A glimpse of the next generation of AlphaFold https://deepmind.google/discover/blog/a-glimpse-of-the-next-generation-of-alphafold/

Performance and structural coverage of the latest, in-development AlphaFold model https://storage.googleapis.com/deepmind-media/DeepMind.com/Blog/a-glimpse-of-the-next-generation-of-alphafold/alphafold_latest_oct2023.pdf

Unfortunately, neither the RoseTTAFold All-Atom preprint nor the DeepMind whitepaper contained any details on the methodology. In addition, at the time I’m writing this, neither group has released the code for their methods. Hopefully, papers with details on the methods will appear soon, along with public code releases. It’s safe to assume that others, such as the OpenFold consortium, who tend to be more forthcoming with their code and methods, are probably working on similar ideas.

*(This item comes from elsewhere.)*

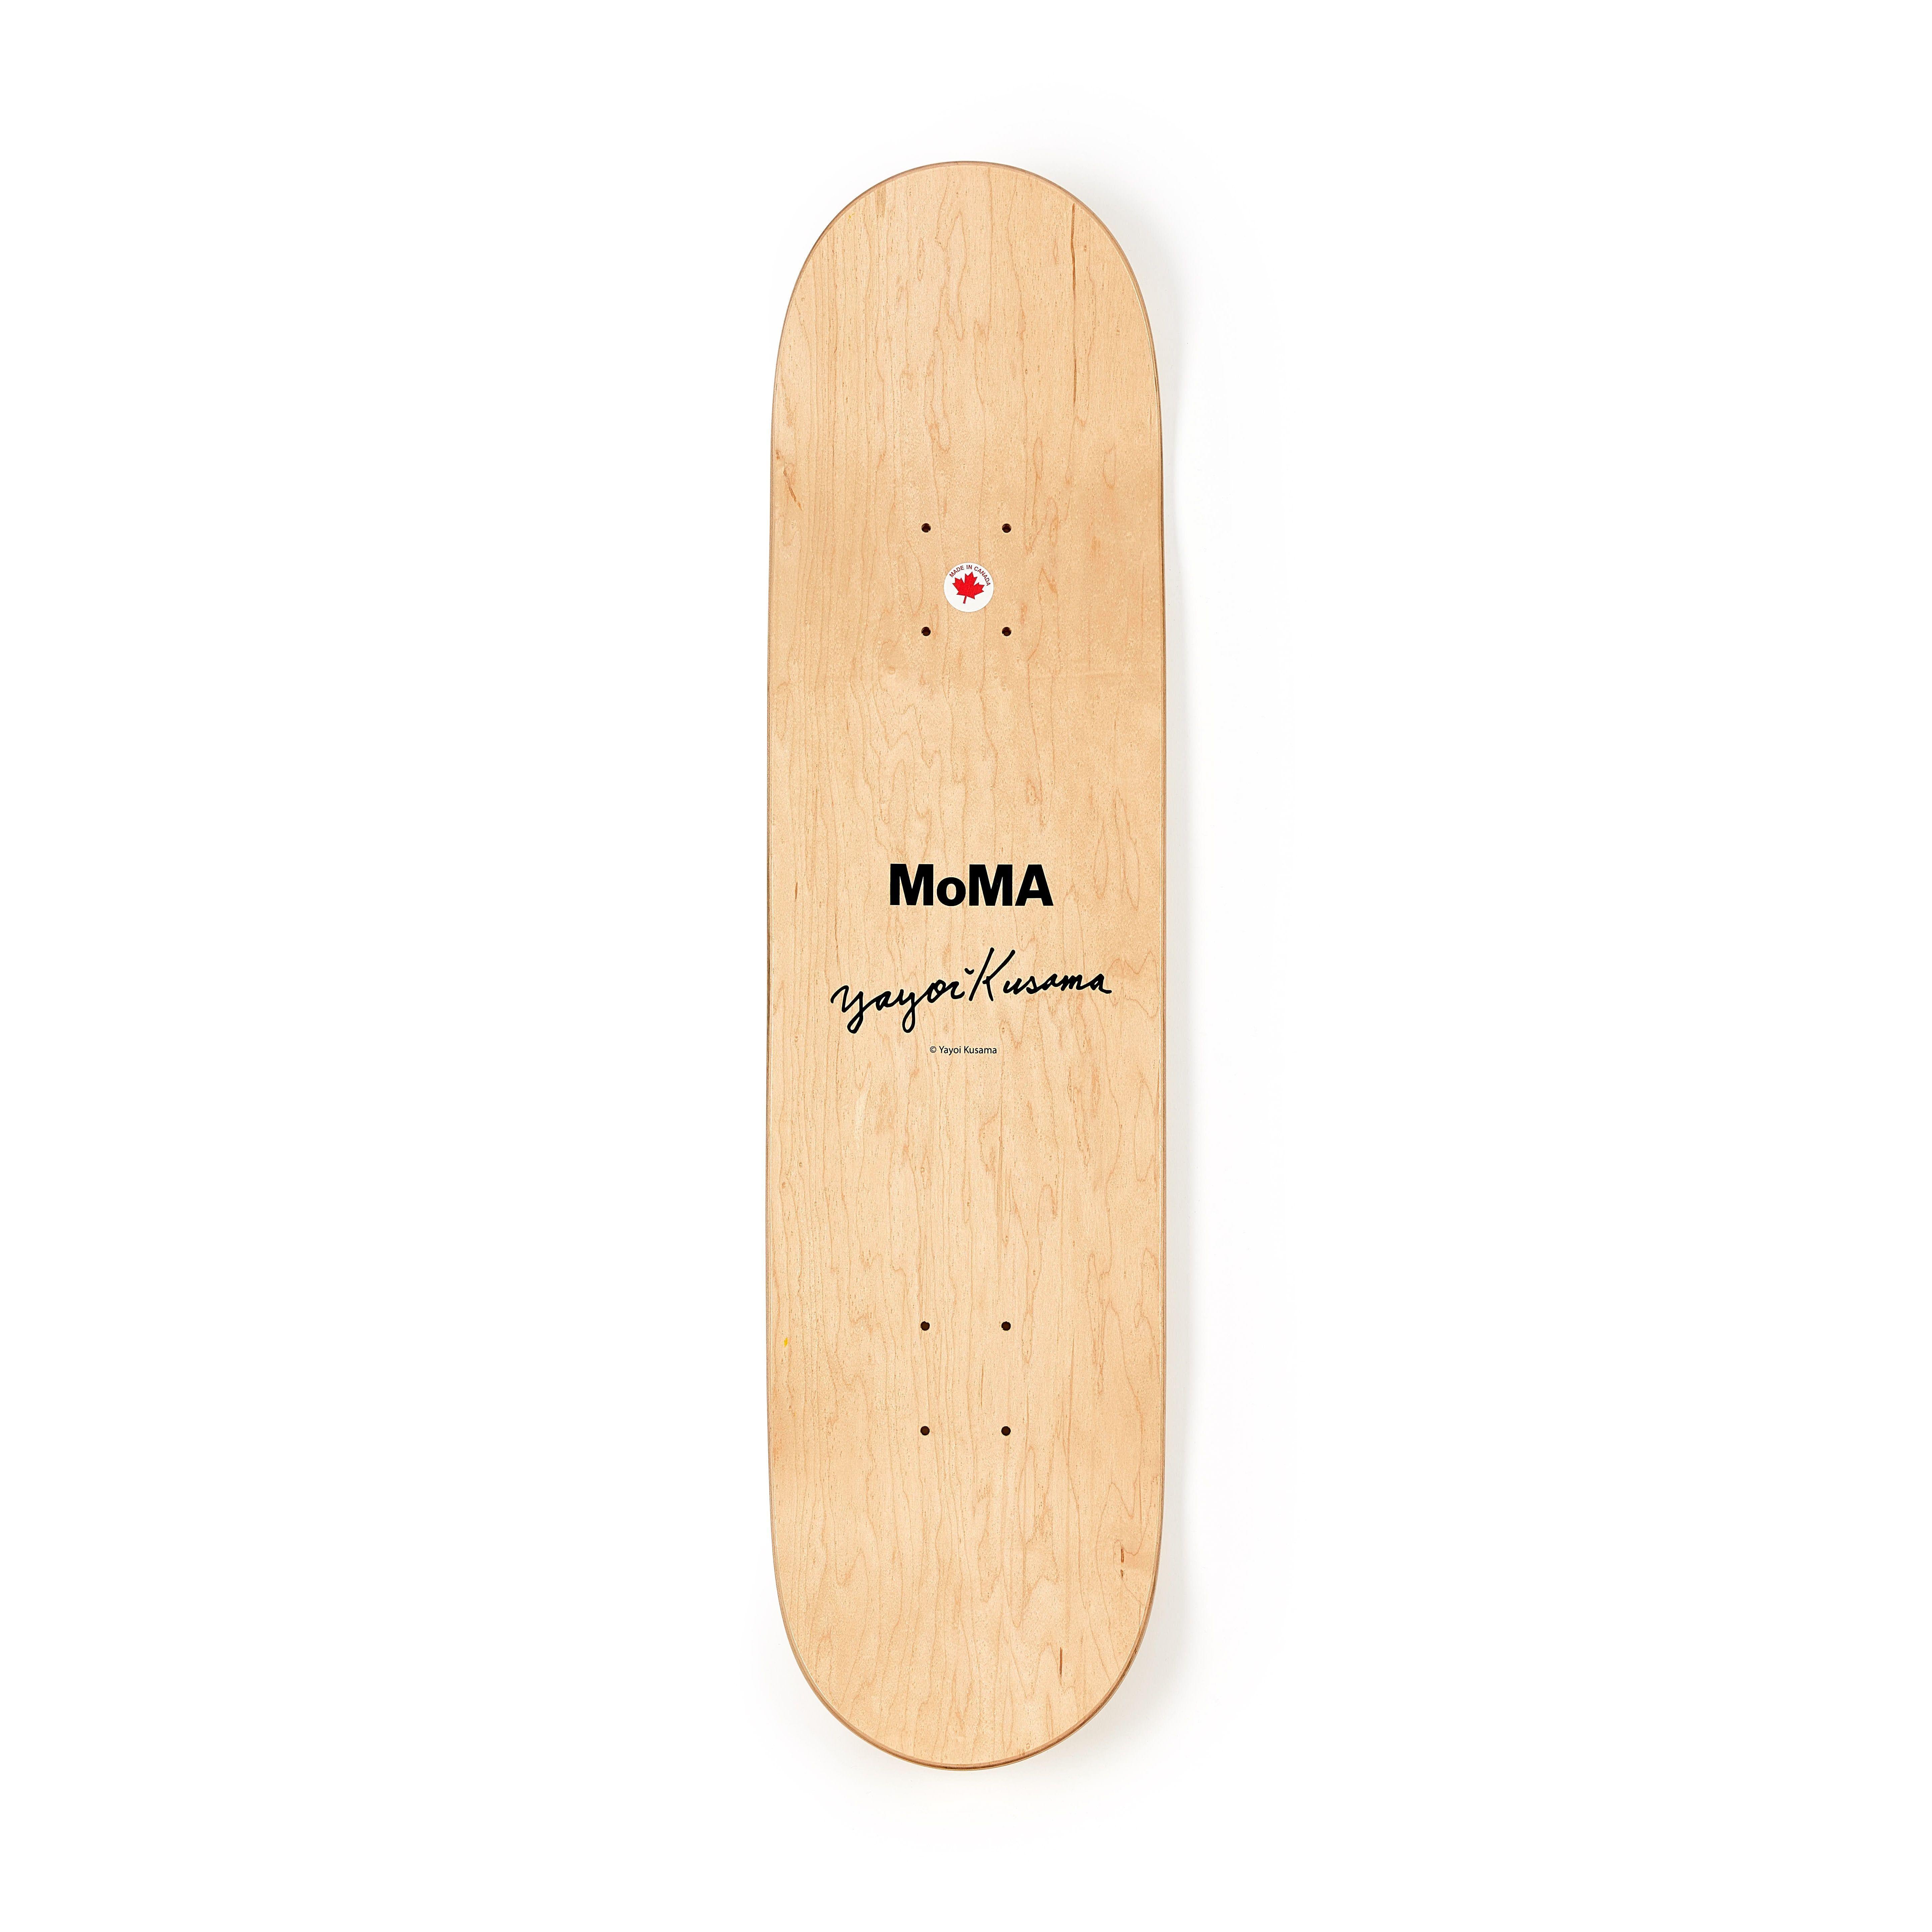 Kusama Skateboard deck (Yayoi Kusama MoMa)  1

Perspective: Like many other areas in AI, DL docking programs began with an initial period of exuberance. The community was excited, and everyone thought the next revolution was imminent. As people started using these methods, they discovered multiple issues that needed to be resolved. We’re not necessarily in the valley of despair, but this is definitely a “hey, wait a second” moment. I’m confident that, with time, these methods will improve. I wouldn’t be surprised to see DL docking methods incorporating ideas from more traditional, physics-inspired approaches. Hopefully, newly developed, unbiased training and test sets and tools like PoseBusters will enable a more rigorous evaluation of docking and scoring methods. With the co-folding approaches in RosettaFold All-Atom and AlphaFold, we’ll have to wait hope for the code to be released so that the community can evaluate the practical utility of these methods.

Can We Use AlpaFold2 Structures for Ligand Discovery and Design?

2.1 Experimentally Evaluating AlphaFold2 Structures

Since it took the CASP14 competition by storm in 2020, AlphaFold2 has greatly interested people involved in drug discovery and numerous other fields. In addition to benchmark comparisons with the PDB, there have been several other efforts to evaluate the structural models generated by AF2 experimentally. Rather than simply comparing the atomic coordinates of AF2 structures with corresponding PDB structures, a paper by Terwilliger and colleagues from Lawrence Livermore National Labs compares AF2 structures with reported crystallographic electron density maps. The authors argue that this approach puts less weight on loops and sidechains that are poorly resolved experimentally. They found that prediction accuracy varied across individual structures, and regions with prediction score (pLDDT) > 90 varied by less than 0.6A from the deposited model. They suggest that even inaccurate regions of AF2 structures can provide plausible hypotheses for experimental refinement.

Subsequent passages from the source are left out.